Alors que les enquêtes précédentes ont révélé que certains types de cellules sont restés plus cohérents tout au long de l'évolution que d'autres, les facteurs stimulant ces différences de taux évolutif restent inconnus. Des chercheurs ont étudié ici les jeux de données de séquençage d'ARN unique sur l'espèce inter-nucléus récemment publiés à partir de trois régions distinctes du cerveau des mammifères. Ils ont constaté que le type le plus abondant de neurones cérébraux de couche externe, les neurones informatiques L2 / 3, a évolué exceptionnellement rapidement dans la lignée humaine par rapport aux autres singes. Étonnamment, cette évolution accélérée s'est accompagnée de changements spectaculaires dans les gènes associés à l'autisme, qui était probablement entraîné par une sélection naturelle spécifique à la lignée humaine. Les chercheurs ici expliquent que, bien que les résultats suggèrent fortement la sélection naturelle des gènes associés aux troubles du spectre autistique, la raison pour laquelle cela a conféré des avantages de fitness aux ancêtres humains n'est pas clair.

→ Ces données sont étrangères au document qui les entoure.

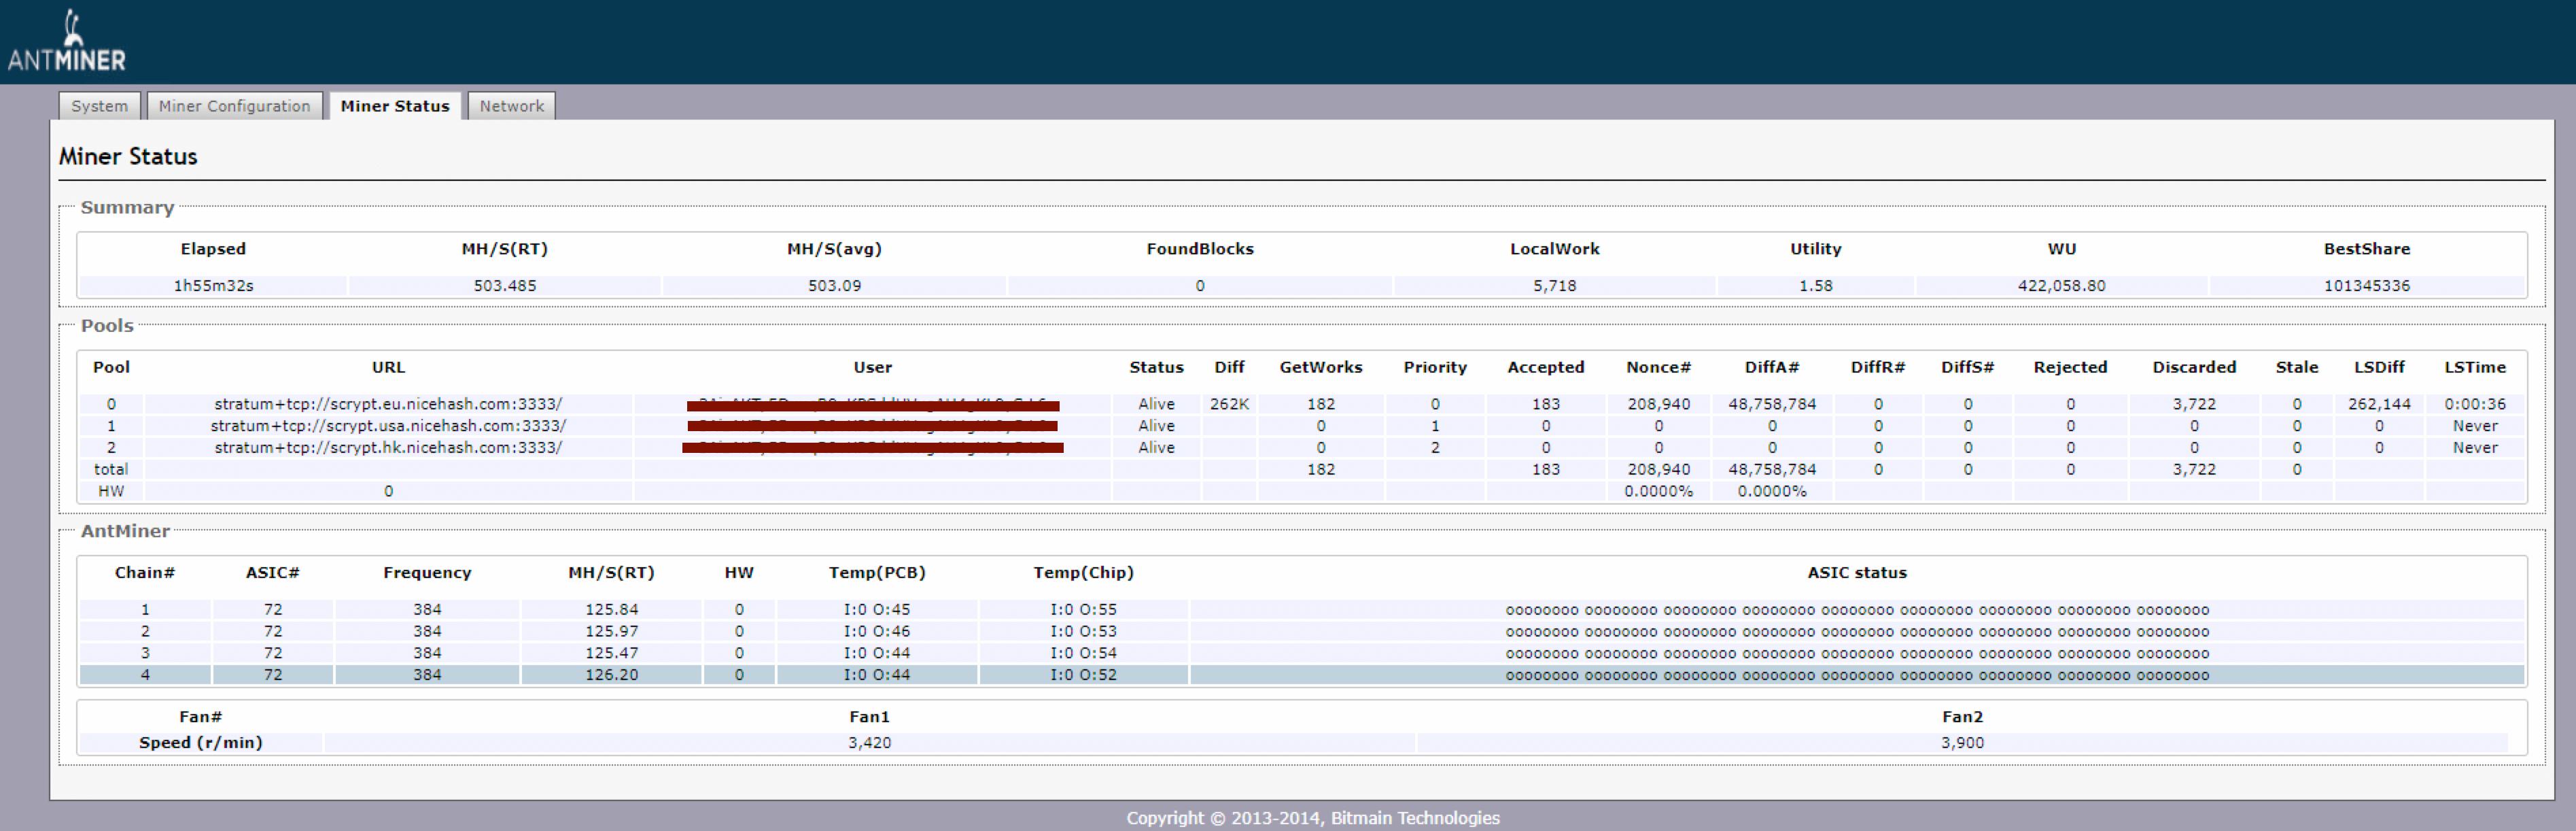 Снимок экрана 2017-11-20 в 12.35.33.png

Répondre à cela est difficile car nous ne savons pas quelles caractéristiques spécifiques à l'homme de la cognition, de l'anatomie cérébrale et du câblage neuronal ont donné aux ancêtres humains un avantage de remise en forme, mais les chercheurs ici spéculent que beaucoup de ces gènes sont associés à un retard de développement, donc leur évolution aurait pu contribuer au développement du cerveau postnatal plus lent chez l'homme par rapport aux chimpanzés. De plus, la capacité de production et de compréhension de la parole unique aux humains est souvent affectée par l'autisme et la schizophrénie.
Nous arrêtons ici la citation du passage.